0

I am setting up a database of certain events that have occurred in the past, and need to search the internet for a number of terms to retrieve as many pages as possible that contain terms related to the happenings i want to document.

First I looked into achieving this using Googles "Custom Search API", after reading this question: Need to access Google Custom search api through R I did manage to get a JSON of search results through the browser, but not through R, so I moved on.
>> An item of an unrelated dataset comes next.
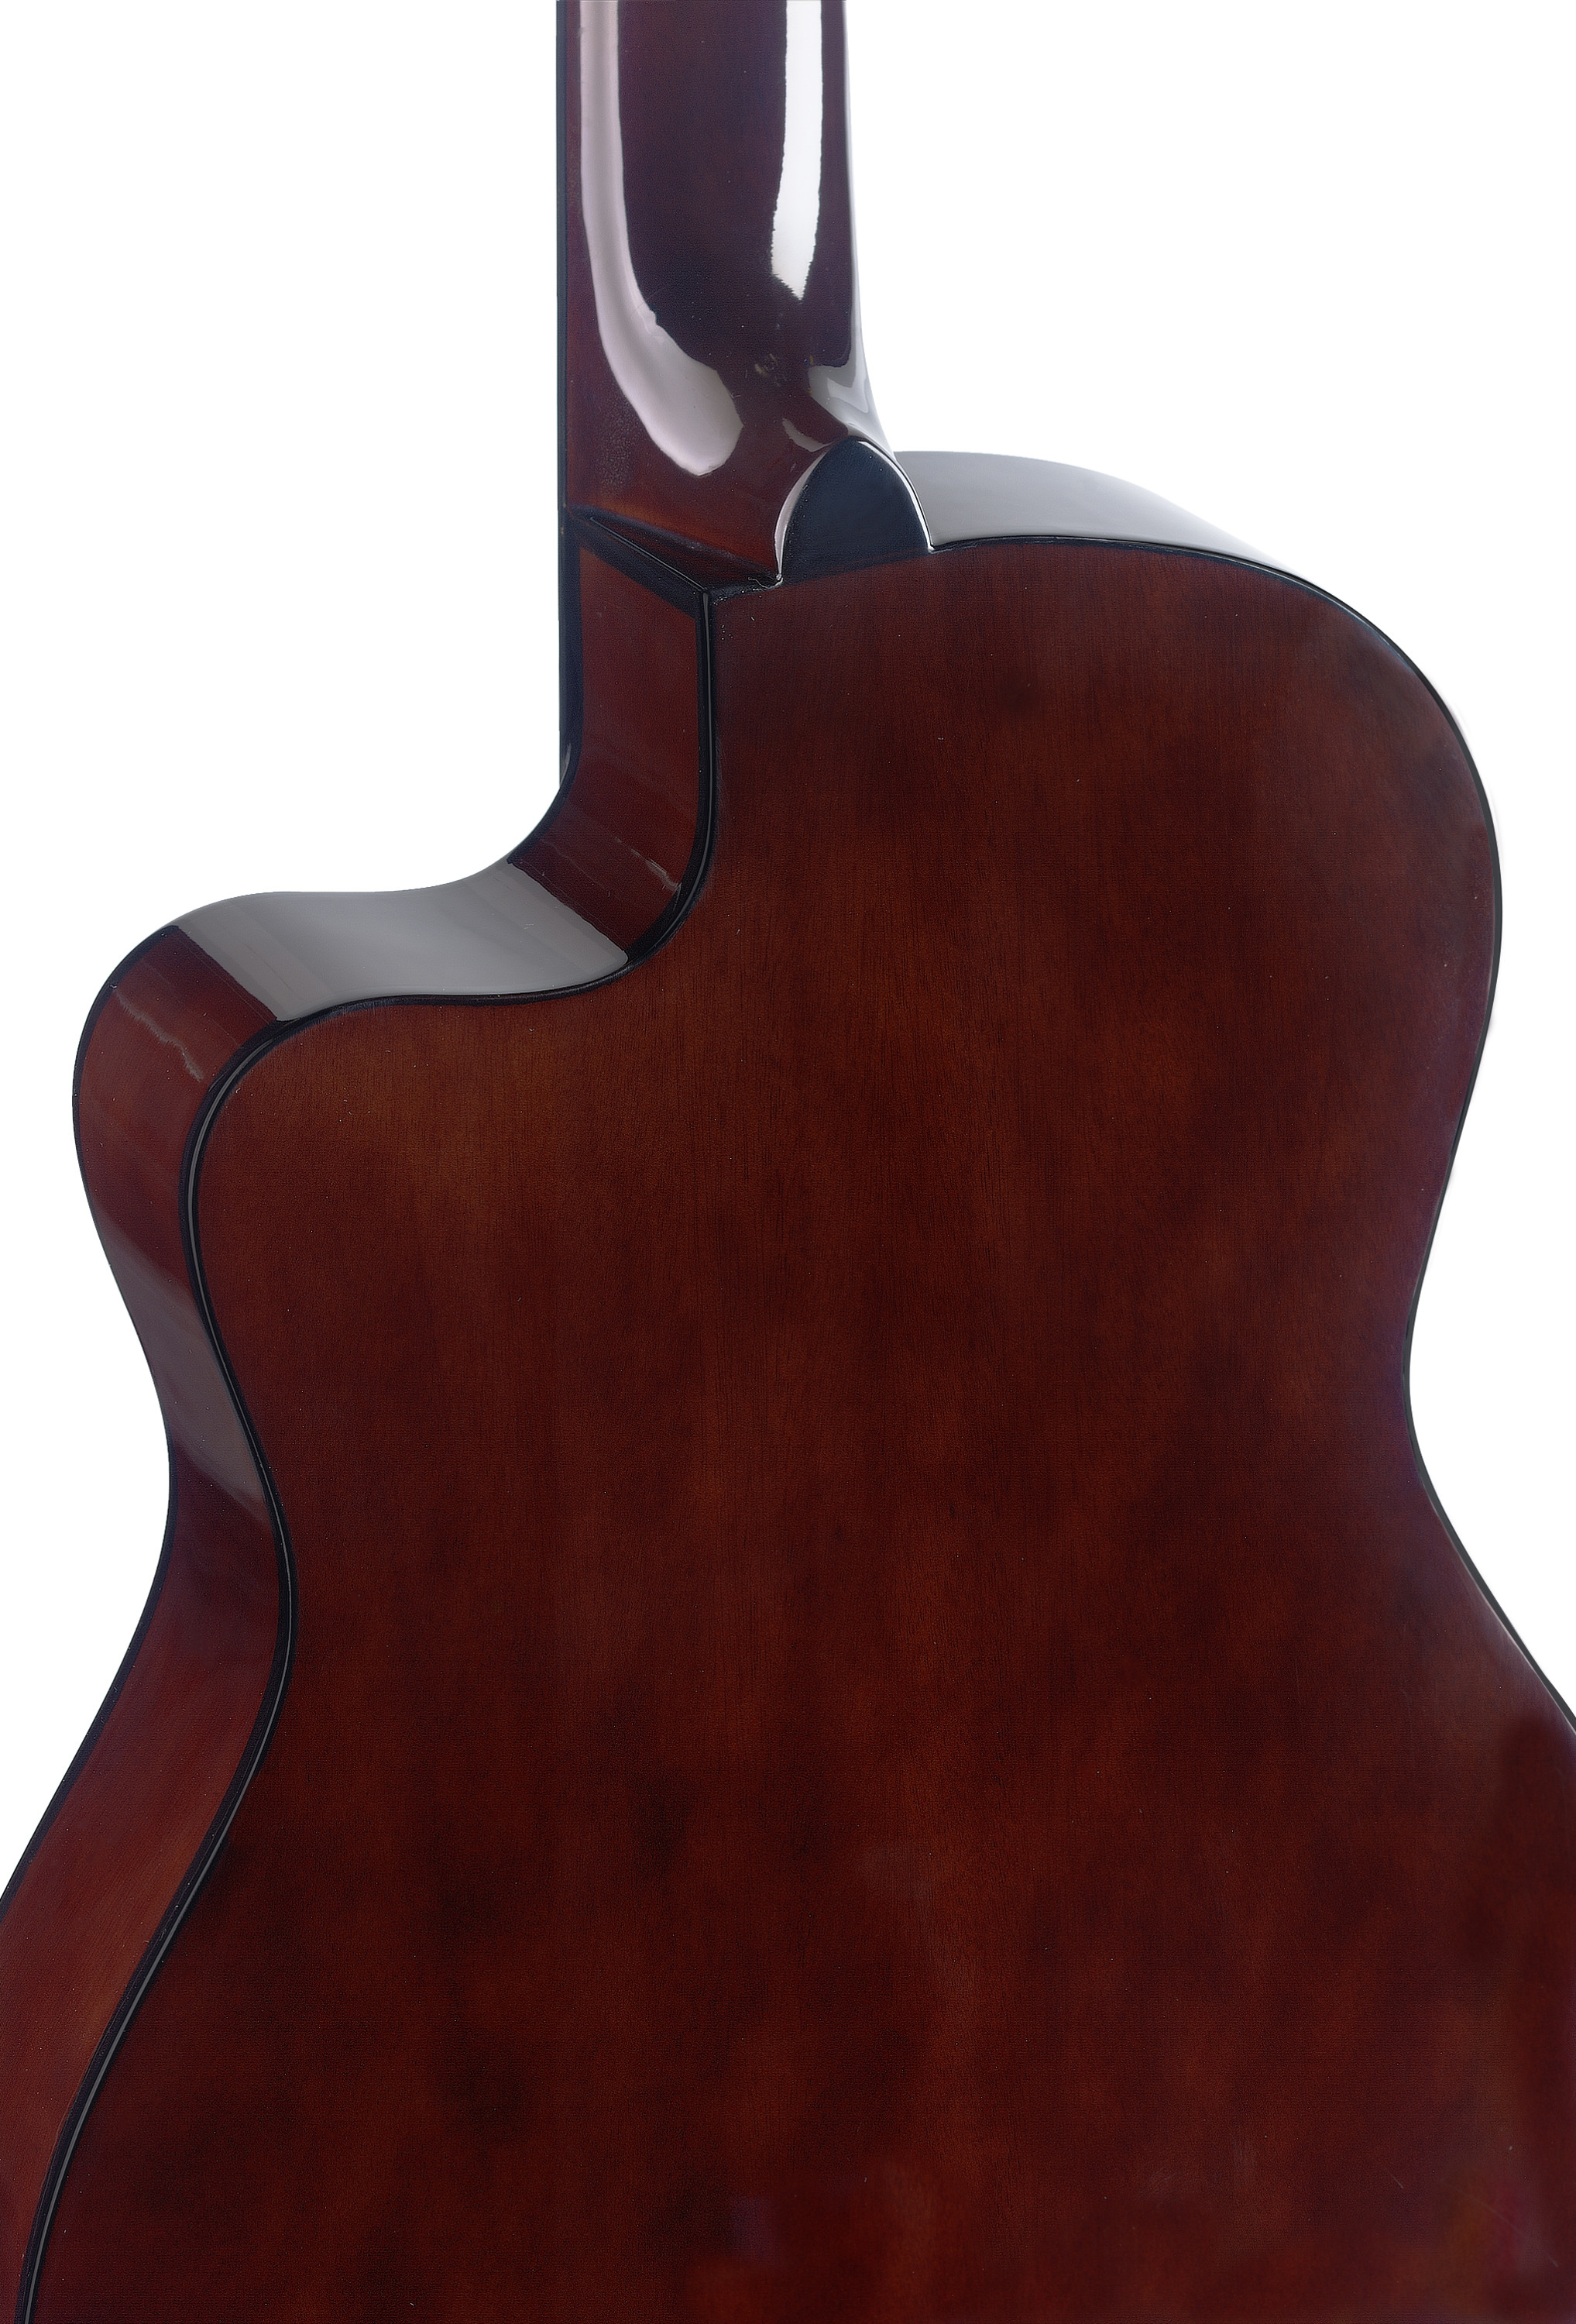 Stagg C546tce Nt Cw Epicea Catalpa - Natural - Klassieke gitaar 4/4 - Variation 1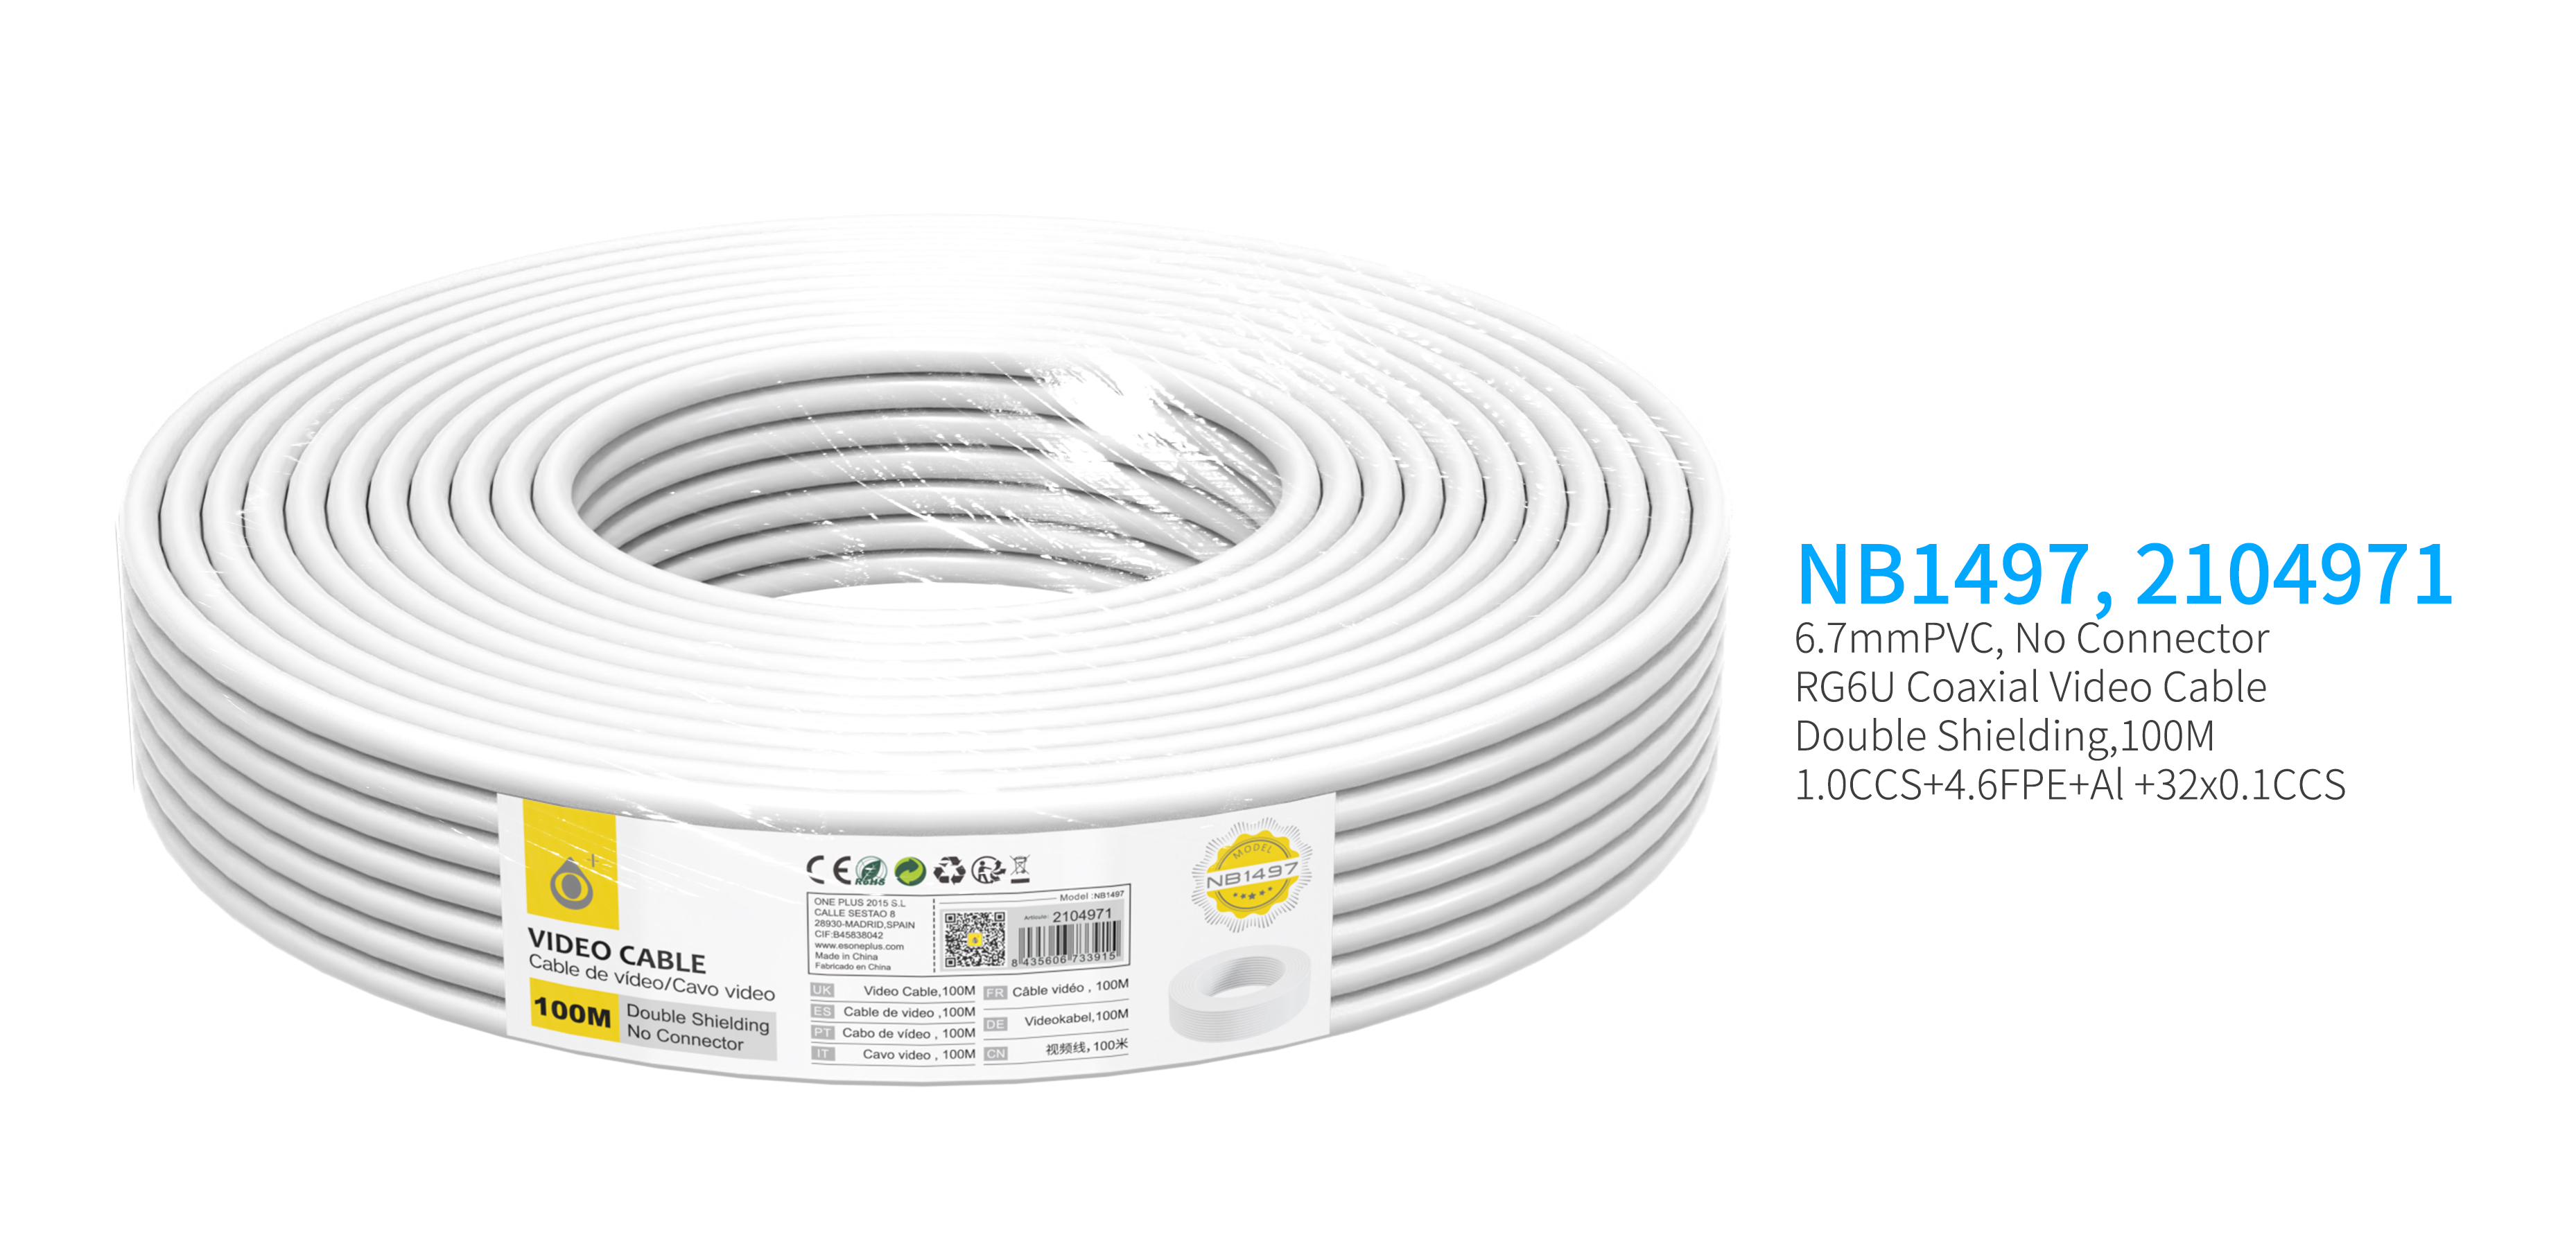 NB1497  Cable de Video(Coaxial RG6U) Sin Conector, doble blindaje, 100 Metro, Blanco

When I saw that the Custom Search API was using OpenSearch, and found the rOpenSearch package for R, I wanted to try going down this path: http://terradue.github.io/rOpenSearch/

After reading through the documentation, there was only provided examples of searching sites that provide opensearch descriptions. As I need to search as many websites as possible, it seems like I would need an opensearch description for a search engine like Google. But I can't seem to find that anywhere.

Is there any way to search the internet via. R using OpenSearch, and collecting the results in a data table?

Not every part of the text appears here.